4)Fair but apparently people have been using it in the Eastern Block for a while with some success. There are some shoulders to stand on and continue R&D.



On 1) I agree, but it's a hard ask in the face of antibiotics being markedly superior as treatments. Because it's not really "a secondary method if the primary fails" (that would be a 2nd class of antibiotics) it's an entirely different paradigm, and one that works less well on the ground.

2) "There will simply be a need to develop a quick but reliable method to test..." is a really big ask. We don't have quick but reliable tests for some common human pathogens. You can't simply posit that a great test will work. You're right about antibiotic stewardship, which is something I work on, but that's orthogonal to how good phage are as a clinical treatment.

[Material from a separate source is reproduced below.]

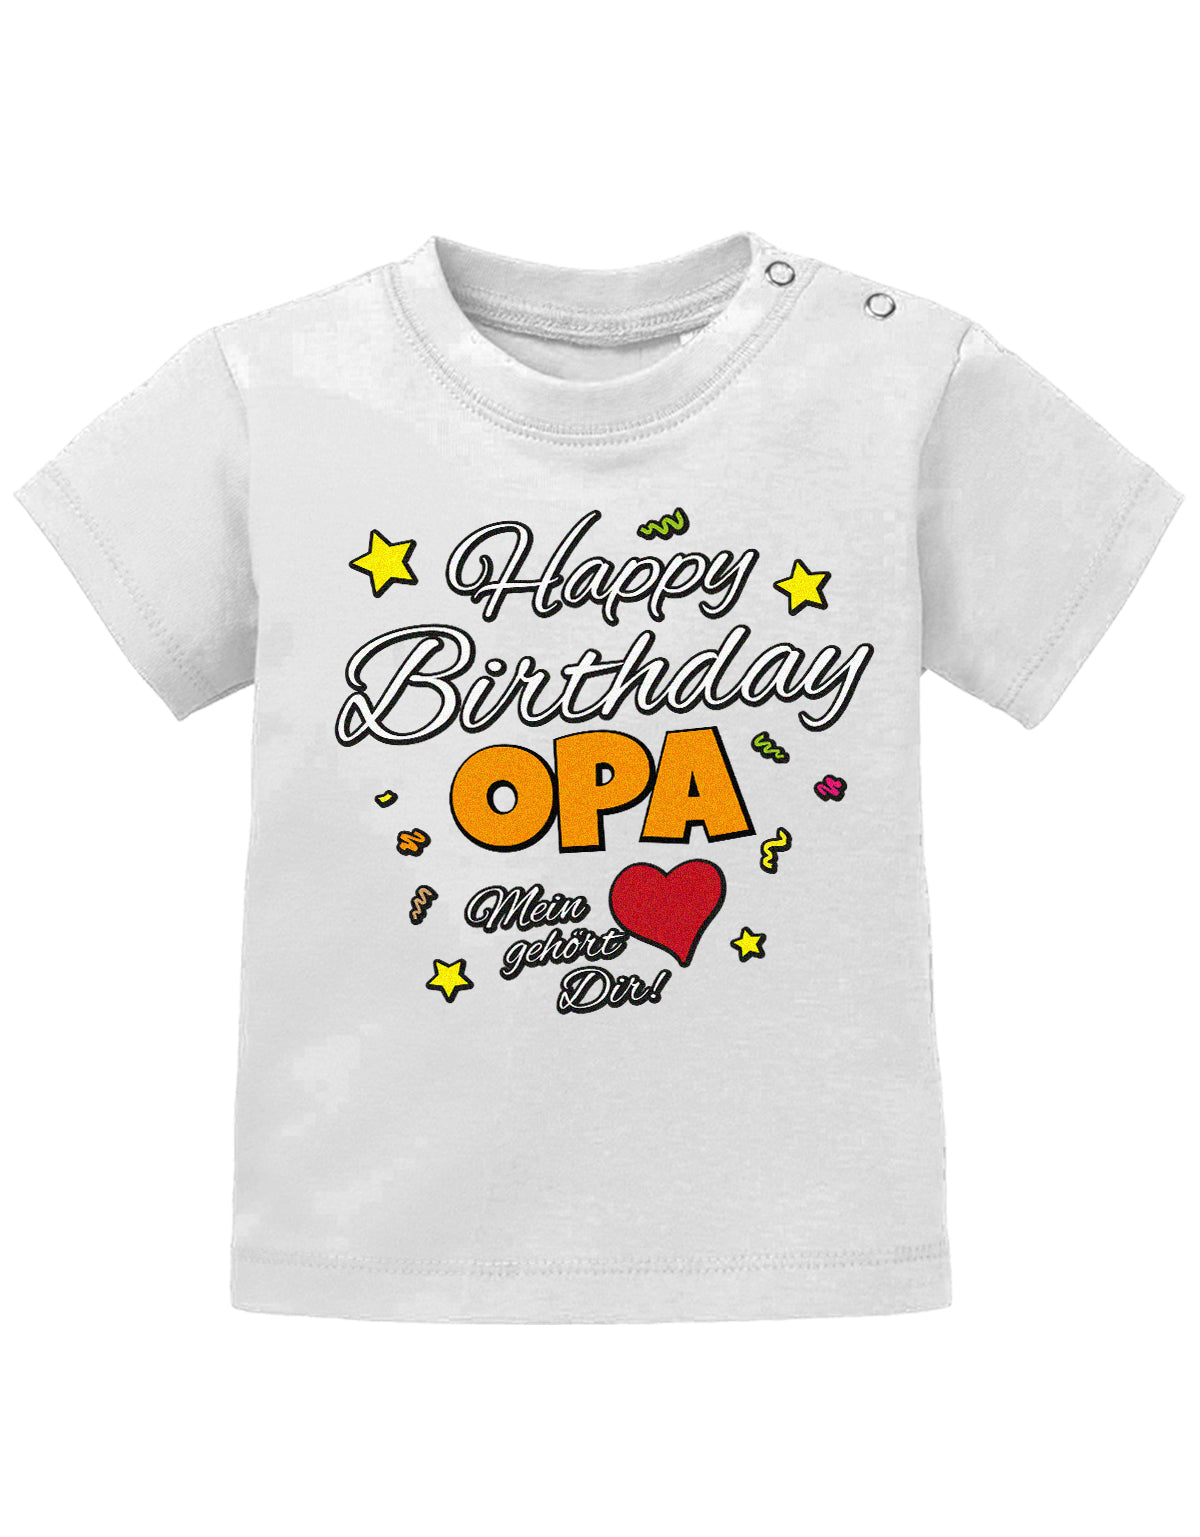 Opa Spruch Baby Shirt. Happy Birthday, Opa, mein Herz gehört Dir. Weiss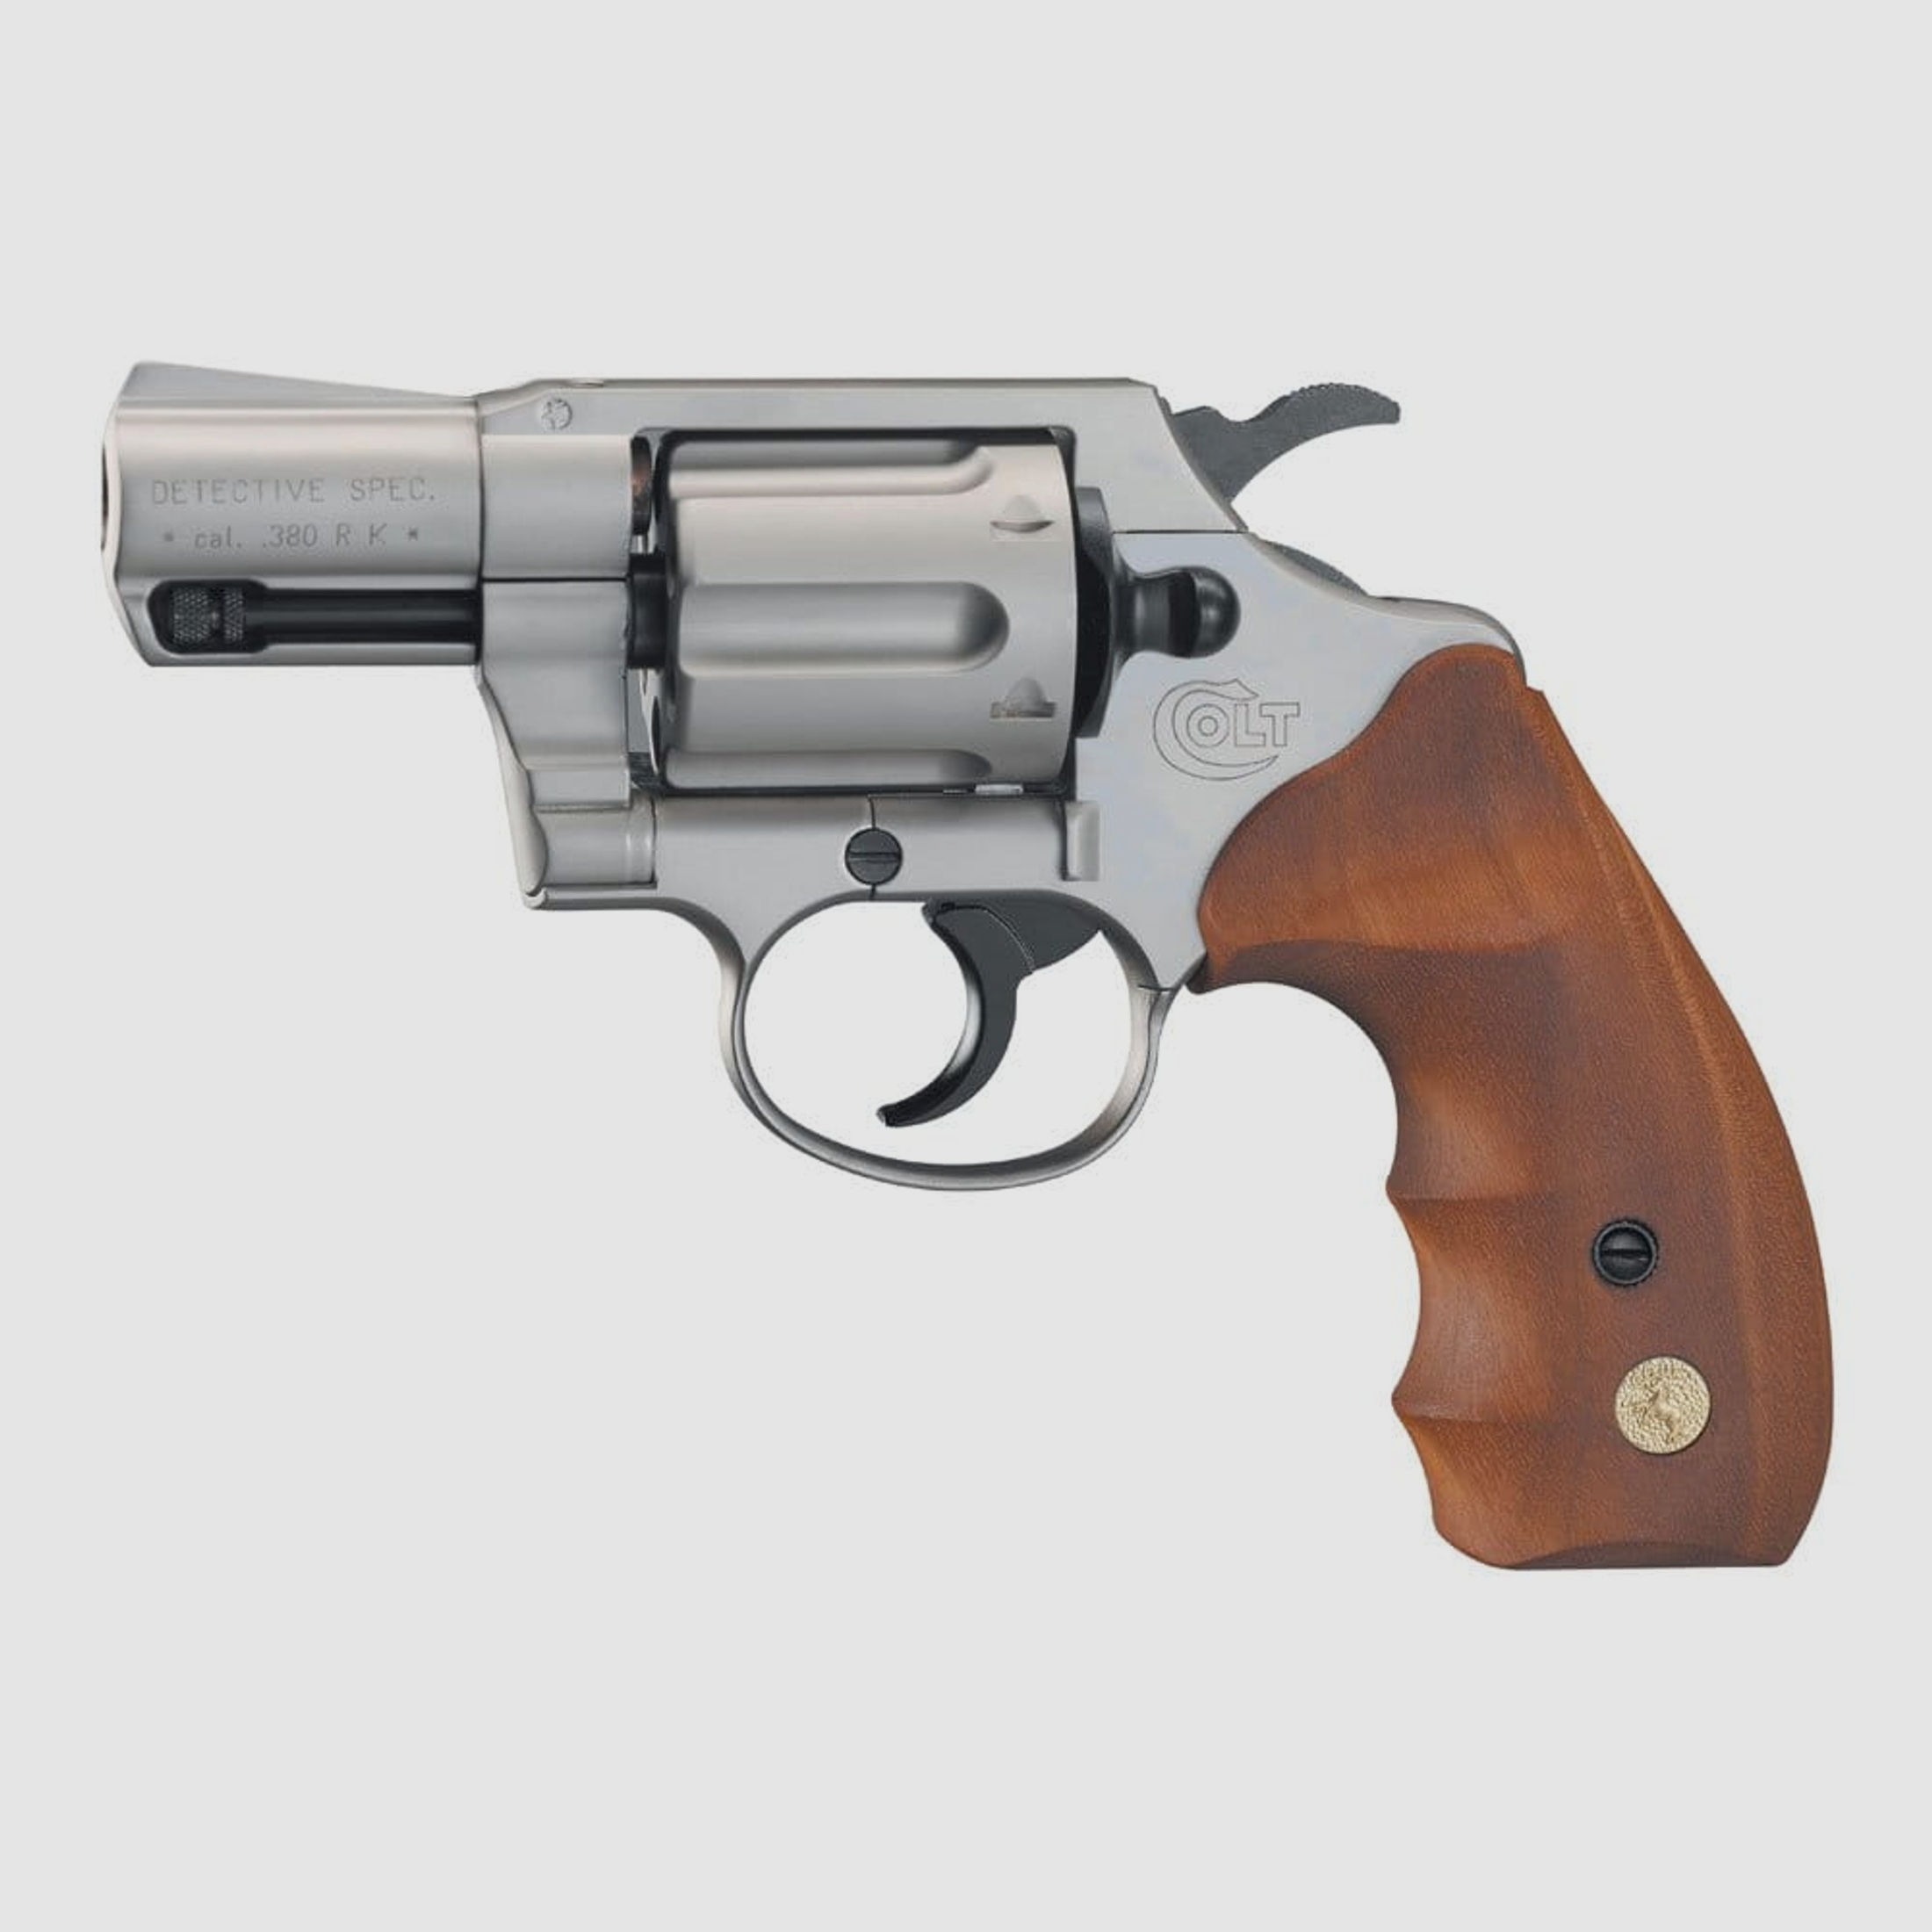 Colt Detective Special Schreckschuss Revolver 9 mm R.K. bicolor

3) While yes, in some particularly strict senses they're not alive, the actual point of that is there's currently no phage preparation technique that is not extremely lab intensive at the site of treatment.

4) Agreed - and the Russians and Georgians have some really cool work, but even there, it's for what are, clinically, extremely difficult edge cases, rather than the kinds of things antibiotics are routinely used for.


1) It's a lot cheaper to have antibiotics properly regulated and conservatively prescribed. That's how Norway still manages to do just fine with Penicillin in majority of cases. Voila, no need for phages.

4) USSR jumped onto antibiotics as soon as they were available, and hasn't really looked back.


1) Can you get the industrialized farm lobbies on board with this? How about 3rd world rural clinics? How about 3rd world farmers using powerful antibiotics of last resort to make animals get a little bigger?

Successfully regulating antibiotics is a worldwide effort. I'm not confident we'll ever be more than moderately successful at that.


If that was easy that would obviously been done by now. Doesn't mean the alternatives (like phage libraries in "3rd world rural clinics") are more realistic.

Proper antibiotics circulation is a policy problem; phage therapy is scientific, technological and policy problem.